During the mortgage process, there are many actions the mortgage lender will ask of you.
Among them, you will need to provide recent paystubs, W-2s and asset information.
At the same time, there are several key actions you should avoid throughout the mortgage process.
Why? Each item listed below could impede or even halt your chances at securing the home loan. The lender needs you to show financial stability in the months and weeks leading up to the closing table and the home purchase.
Here’s the list:
1. Do not change jobs, become self-employed or quit your job (without talking to your lender first)
A change in employment, even if the pay is better, may not translate well when qualifying to buy a home. Income calculation at the new job may differ based on how you get paid (overtime, commission, etc.). A consistent pay schedule is critical to show the ability to repay the loan.

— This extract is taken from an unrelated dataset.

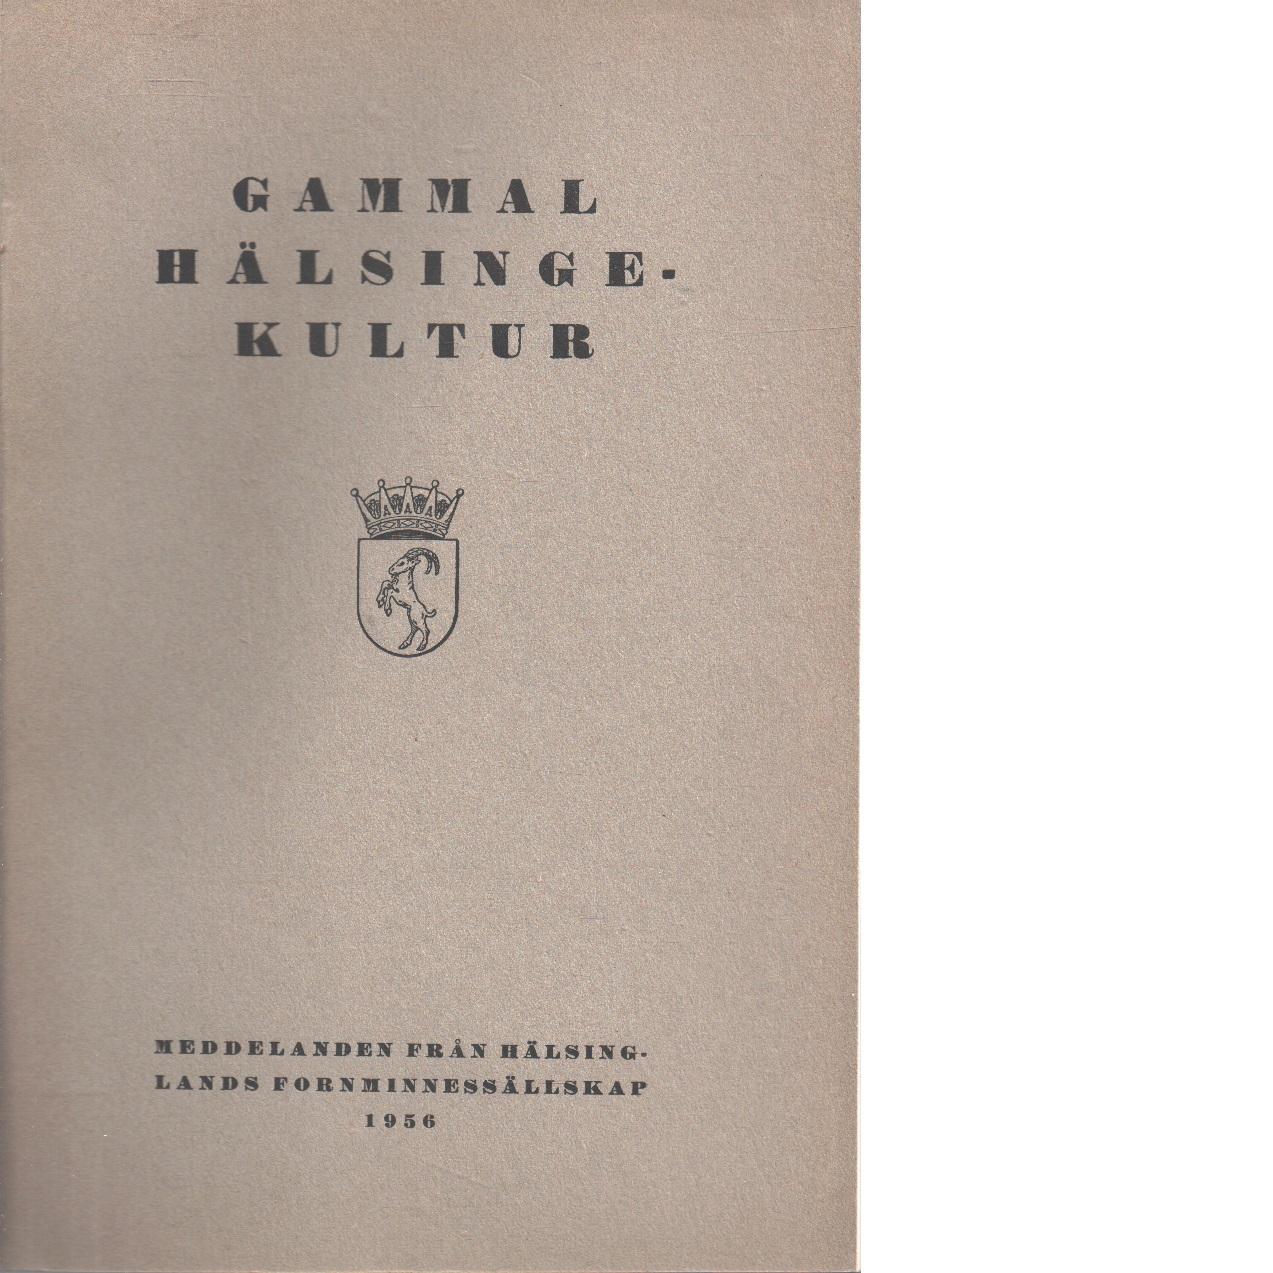 Gammal hälsingekultur : meddelanden från Hälsinglands fornminnessällskap 1956 - Helsinglands Fornminnessällskap

2. Do not open any new debt
During the purchase process, be fiscally conservative. That means save rather than spend or take on more debt. Do not open new credit accounts including auto loans, student loans and credit cards. Those types of debt can jeopardize your qualification for a home loan.
3. Do not spend your money
Again, it’s important to save in these pre-purchase months. Do not use credit cards excessively or let current accounts fall behind. Lenders may need to re-run credit throughout the mortgage process including a soft credit check before closing, negative changes could affect your loan approval.

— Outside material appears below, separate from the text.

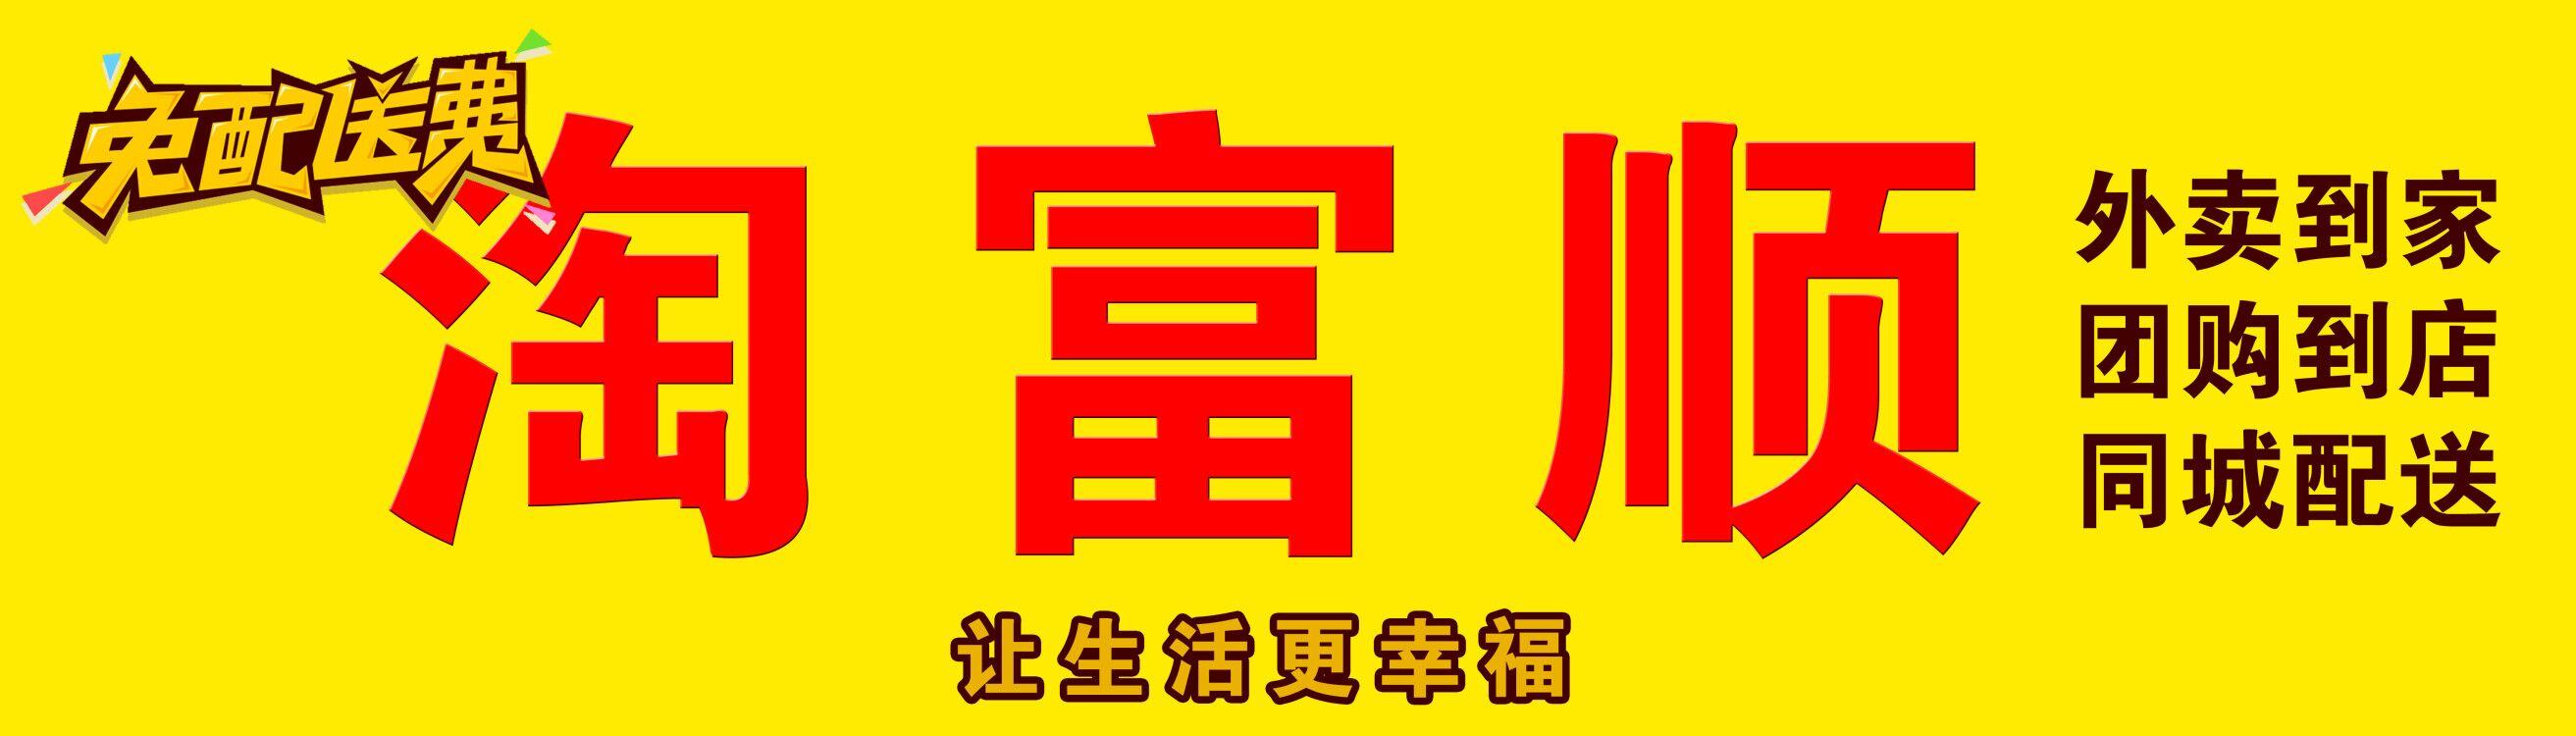 淘台湾快三app下载—官方网址22270.COM顺

4. Do not make large bank deposits
Lenders always require large deposits to be sourced (track where the money came from). If a lender can’t source the funds, it may cause a problem with respect to your assets needed, such as down-payment and closing costs.
Here’s a real-life example from a past client where financial activity prior to the purchase delayed the closing date.
We ordered a soft credit pull on the client, who wanted to buy a home in Hampton Roads. We found the client had a new collection on the report related to an outstanding bill. The collection caused a delay of several days and the client had to find the money right away to pay the bill.
Otherwise, we could not have proceeded with the loan.
When we are in crunch time and preparing to help you buy a home, you can see how the slightest issue in your financial profile can hold up the purchase.
The less you do, the easier everything will go.
Shikma Rubin is a loan officer at Tidewater Home Funding in Chesapeake (NMLS #1114873). She enjoys the chance to lead workshops and webinars on how to buy a home in 2019. Have mortgage questions? You can reach her at srubin@tidewaterhomefunding.com or 757-490-4726.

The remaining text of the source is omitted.